Mai Qing, Zhang Xin
Department of Statistics, Florida State University, Tallahassee, Florida.
Biometrics. 2019 Sep;75(3):734-744. doi: 10.1111/biom.13043. Epub 2019 Apr 9.
It is increasingly interesting to model the relationship between two sets of high-dimensional measurements with potentially high correlations. Canonical correlation analysis (CCA) is a classical tool that explores the dependency of two multivariate random variables and extracts canonical pairs of highly correlated linear combinations. Driven by applications in genomics, text mining, and imaging research, among others, many recent studies generalize CCA to high-dimensional settings. However, most of them either rely on strong assumptions on covariance matrices, or do not produce nested solutions. We propose a new sparse CCA (SCCA) method that recasts high-dimensional CCA as an iterative penalized least squares problem. Thanks to the new iterative penalized least squares formulation, our method directly estimates the sparse CCA directions with efficient algorithms. Therefore, in contrast to some existing methods, the new SCCA does not impose any sparsity assumptions on the covariance matrices. The proposed SCCA is also very flexible in the sense that it can be easily combined with properly chosen penalty functions to perform structured variable selection and incorporate prior information.

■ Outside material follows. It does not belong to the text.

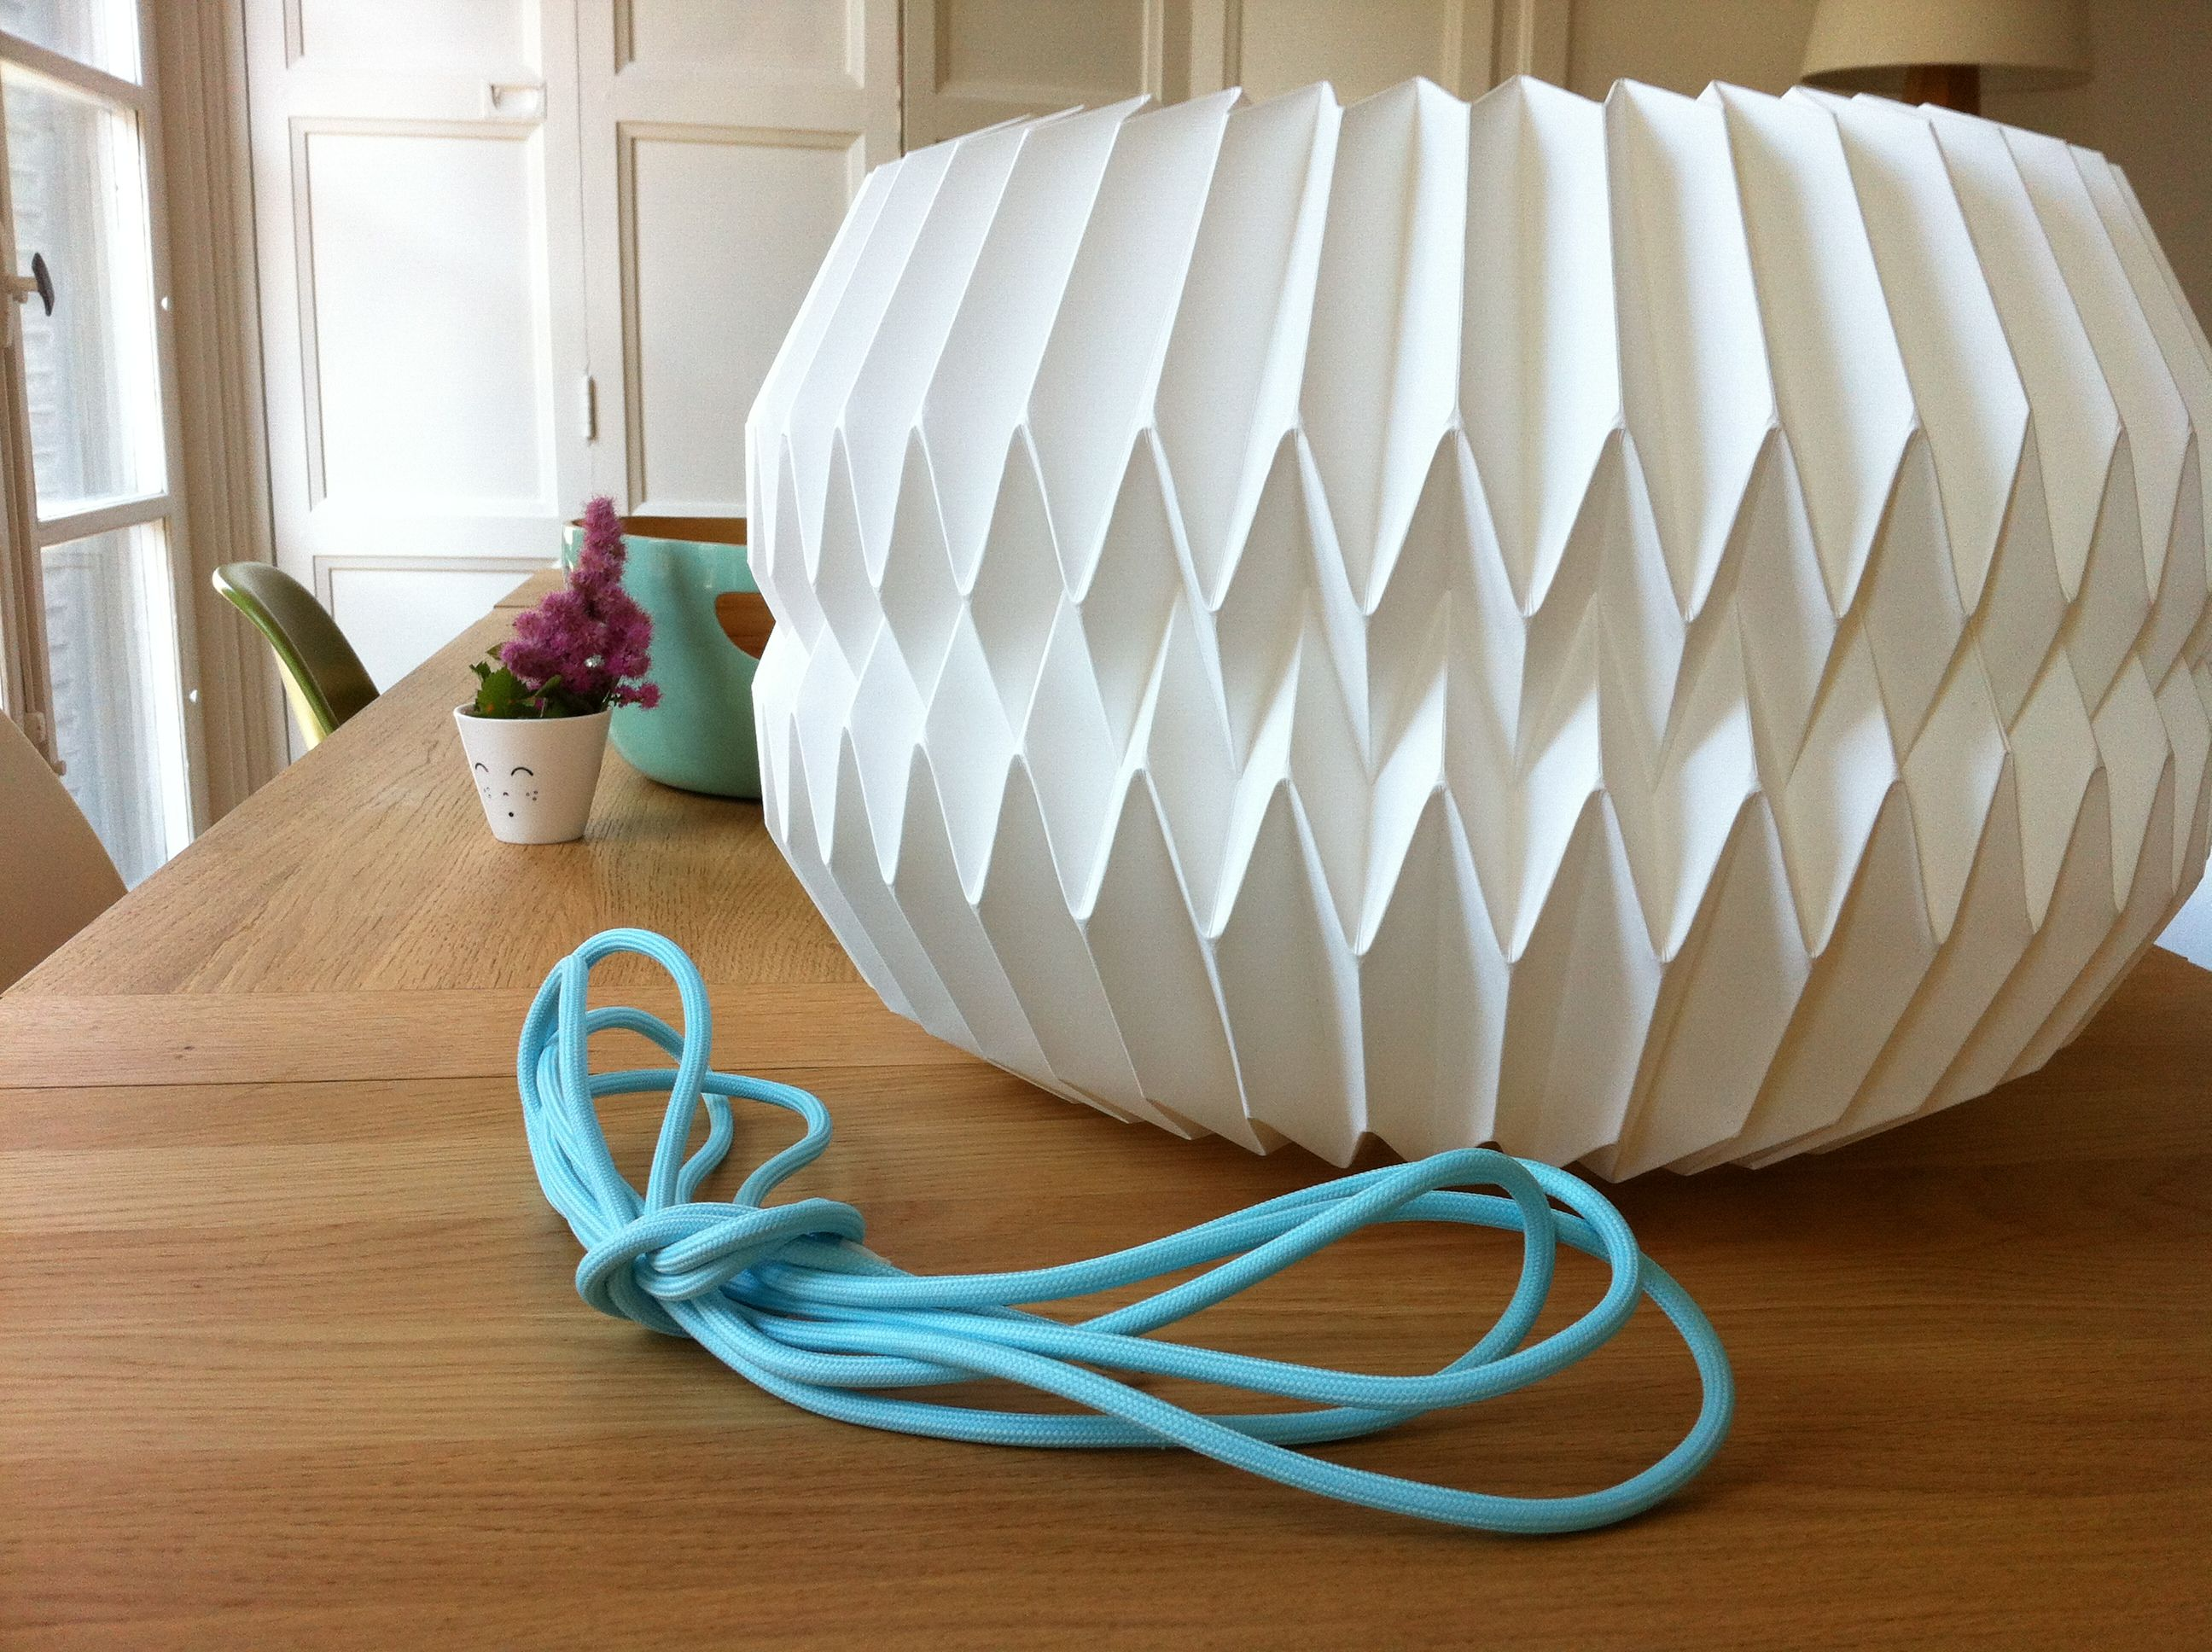 Studio Snowpuppe Lamp : C ble textile bleu pastel studio snowpuppe lampe origami

Moreover, our proposal of SCCA produces nested solutions and thus provides great convenient in practice. Theoretical results show that SCCA can consistently estimate the true canonical pairs with an overwhelming probability in ultra-high dimensions. Numerical results also demonstrate the competitive performance of SCCA.

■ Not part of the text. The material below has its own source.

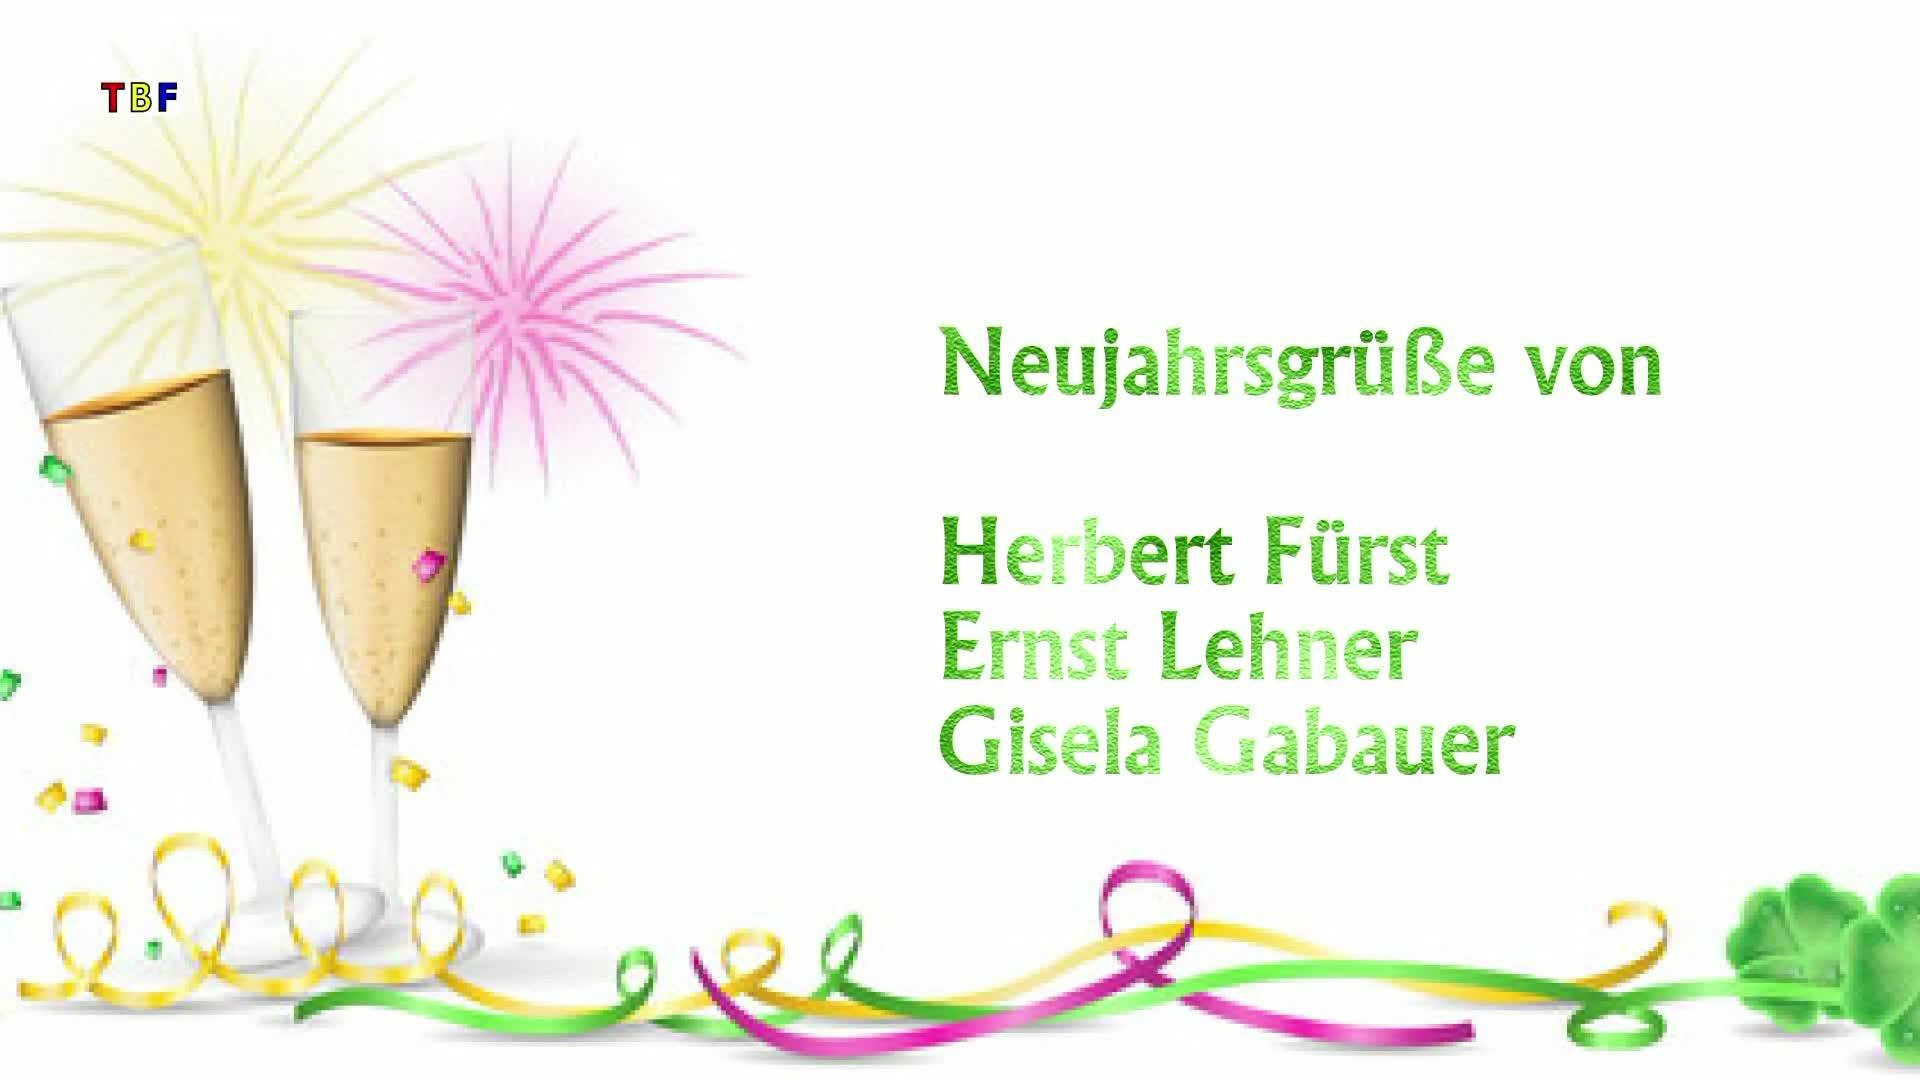 Neujahresgrüße von Herbert Fürst, Ernst Lehner und Gisela Gabauer!

对两组可能具有高度相关性的高维测量数据之间的关系进行建模变得越来越有趣。典型相关分析(CCA)是一种经典工具,用于探索两个多元随机变量之间的依赖性,并提取高度相关的线性组合的典型对。受基因组学、文本挖掘和成像研究等领域应用的推动,最近许多研究将CCA推广到高维环境。然而,它们中的大多数要么依赖于协方差矩阵的强假设,要么不产生嵌套解。我们提出了一种新的稀疏CCA(SCCA)方法,将高维CCA重新表述为一个迭代惩罚最小二乘问题。由于新的迭代惩罚最小二乘公式,我们的方法使用高效算法直接估计稀疏CCA方向。因此,与一些现有方法相比,新的SCCA不对协方差矩阵施加任何稀疏性假设。所提出的SCCA在可以很容易地与适当选择的惩罚函数相结合以执行结构化变量选择并纳入先验信息的意义上也非常灵活。此外,我们提出的SCCA产生嵌套解,因此在实践中提供了极大的便利。理论结果表明,SCCA在超高维中可以以压倒性的概率一致地估计真正的典型对。数值结果也证明了SCCA的竞争性能。